What Mr. Stevenson could scarcely have predicted is that Washington’s answer would substantiate the view that “social security insurance is in trouble.” Not that Mr. Cohen said so directly, but what he said leads to that sad conclusion.
In co-sponsoring the Social Security Amendments of 1967 in the House, Congressman John W. Byrnes had testified:
I personally do not feel that the burdens imposed by this bill are greater than the taxpayers will be willing to pay. After all, today’s taxpayer is tomorrow’s beneficiary.
Apparently, the 24 (out of 25) members of the House Ways and Means Committee who signed the report on H.R. 12080 felt the same way. And so did other congressmen, as indicated by the overwhelming 415-3 House approval of the bill. All of this, implies Mr. Cohen, attests to the “actuarial soundness” of the social security program. The political pulse has been measured by experts and a taxpayer revolt is not anticipated. So, social security is as sound as the dollar, if that’s any consolation to anyone over 30 who has seen the dollar lose 60 per cent of its purchasing power within his lifetime.
To the complaint that the social security program puts a squeeze on the young, Mr. Cohen replies that it is not so: “Young workers as a group will get social security protection worth 20 to 25 per cent more than they will pay in social security contributions.”
What Mr. Cohen fails to mention is that the “20 to 25 per cent more” is a possibility only because he has not counted the matching half of the social security “contributions” employers are compelled to pay. Even so, with just his own half of the tax, a young worker could have bought a government bond that yields a 331/3 per cent return in about seven years, or put his money in a savings account at 41/4 per cent, where it would double in dollars every 161/2 years. The harsh fact is that a young worker can hope to get back from social security about 40 per cent fewer actual dollars than he and his employer paid into it on his account. His tax dollars are spent as received and earn no interest for him at all.

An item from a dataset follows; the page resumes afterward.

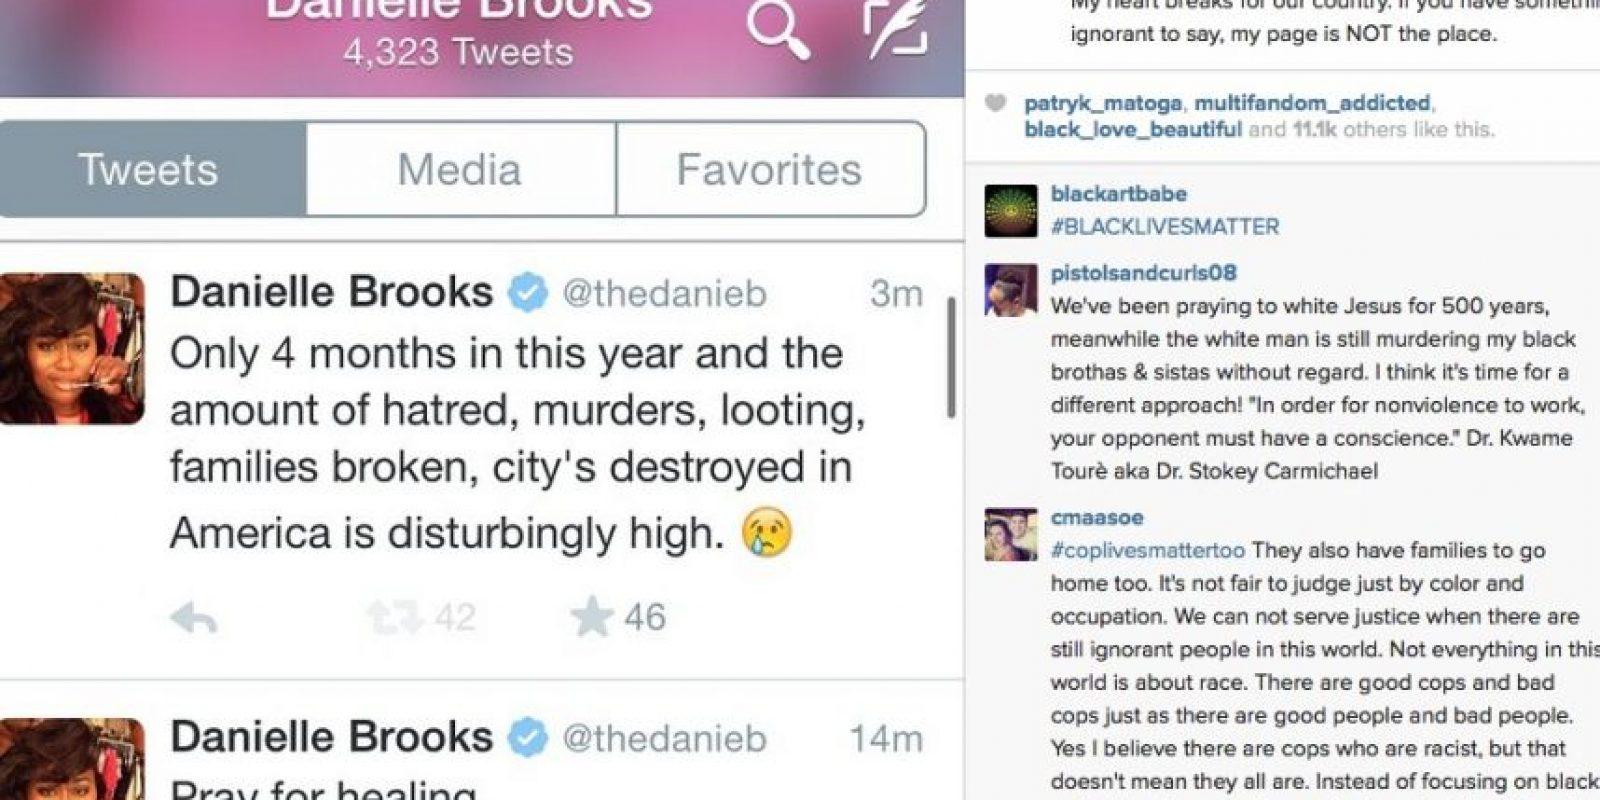 """""""Van solamente cuatro meses del año y la cantidad de asesinatos y familias destruidas es muy alto"""" Foto:Instagram.com/daniebb3"""
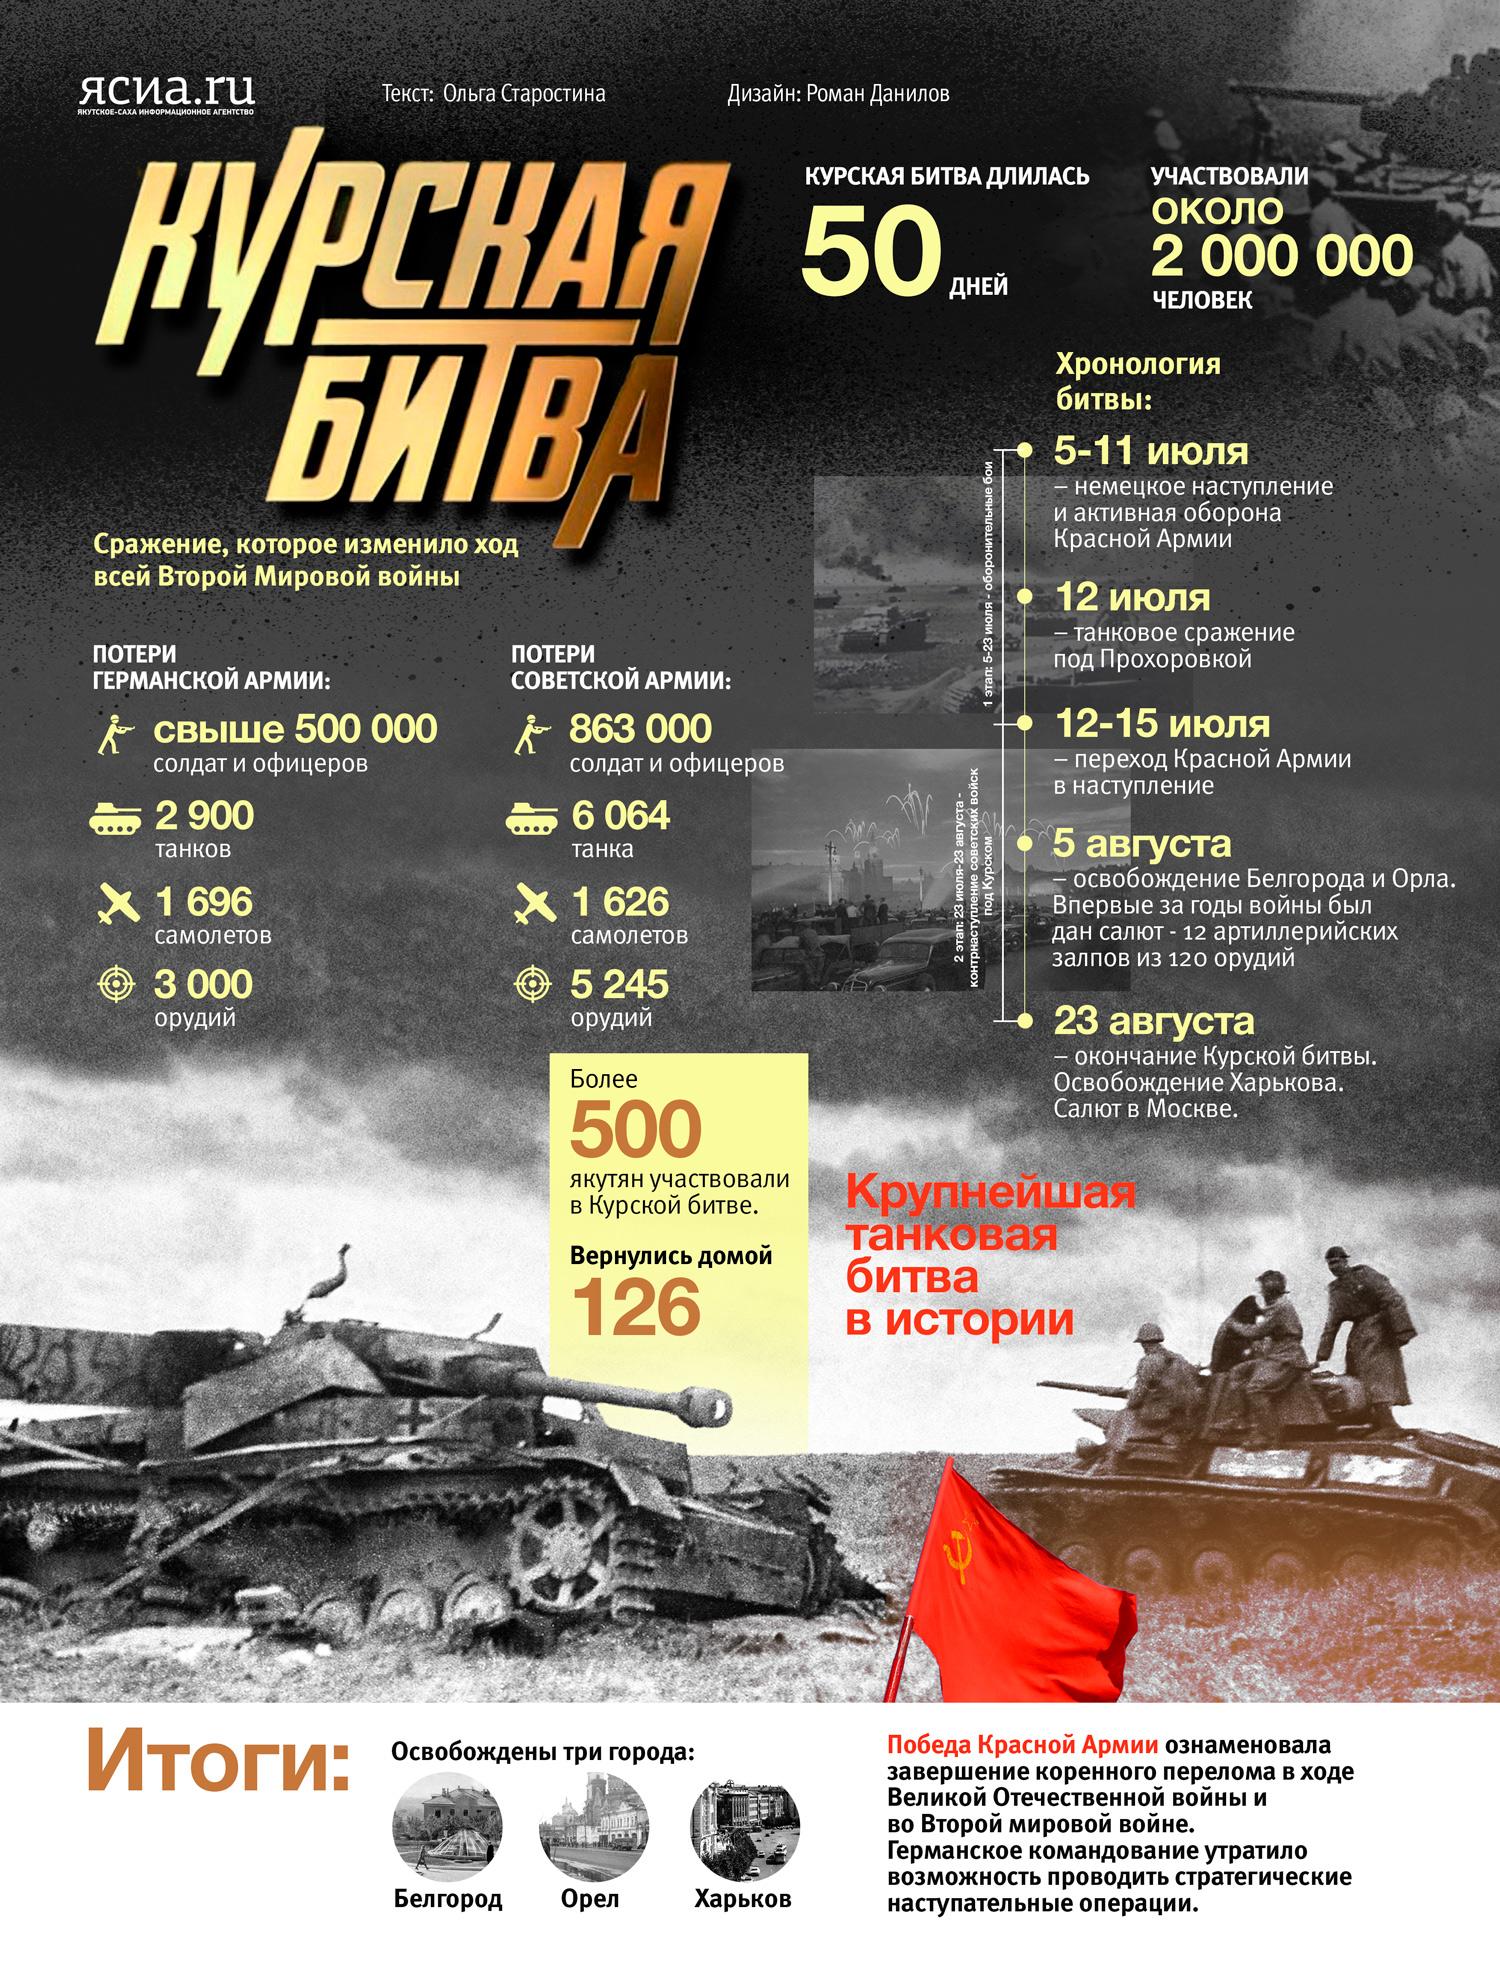 ИНФОГРАФИКА: Курская битва в цифрах и фактах

When Mr. Cohen says, “Young workers could not buy comparable insurance protection from private insurance companies.,” the reason ought to be plain: It’s against the law to operate a private insurance company that way. Not that the chain-letter fraud of paying off early entries from the contributions of latter-day-suckers hasn’t been tried by Ponzi and numerous other schemers. But, so far as is known, every so-called insurance company that has tried to operate without reserves — levying against remaining policyholders to pay off each current claim — eventually has reached the point of no return and has failed. That the social security program has survived for 30 years in the United States may be explained by the fact that new entrants are continuously drafted, with no dropouts allowed. Each taxpayer is drafted into the program for the duration of his productive and taxable lifetime.
Mr. Cohen is quite right, of course, when he says that a compulsory social security program of this type, with prior claim to everyone’s future earnings, does not need and should not be expected to build up $350 billion or more of reserves. And he adds, “The 350 billion referred to is the amount that would be needed — if social security were a private, voluntary insurance program — to pay off all obligations on the assumption that there would be no new entrants into the system.”
In other words, the $350 billion referred to is that part of the obligations to those presently covered by social security which will have to be paid by those “joining” later. That makes it reasonably clear why new entrants could not be counted on if they had any choice in the matter. The “soundness” of social security rests upon its compulsory nature. Anyone who endorses compulsion as the best policy, despite Mr. Cohen’s assurances, well might worry about what will happen to him in his old age.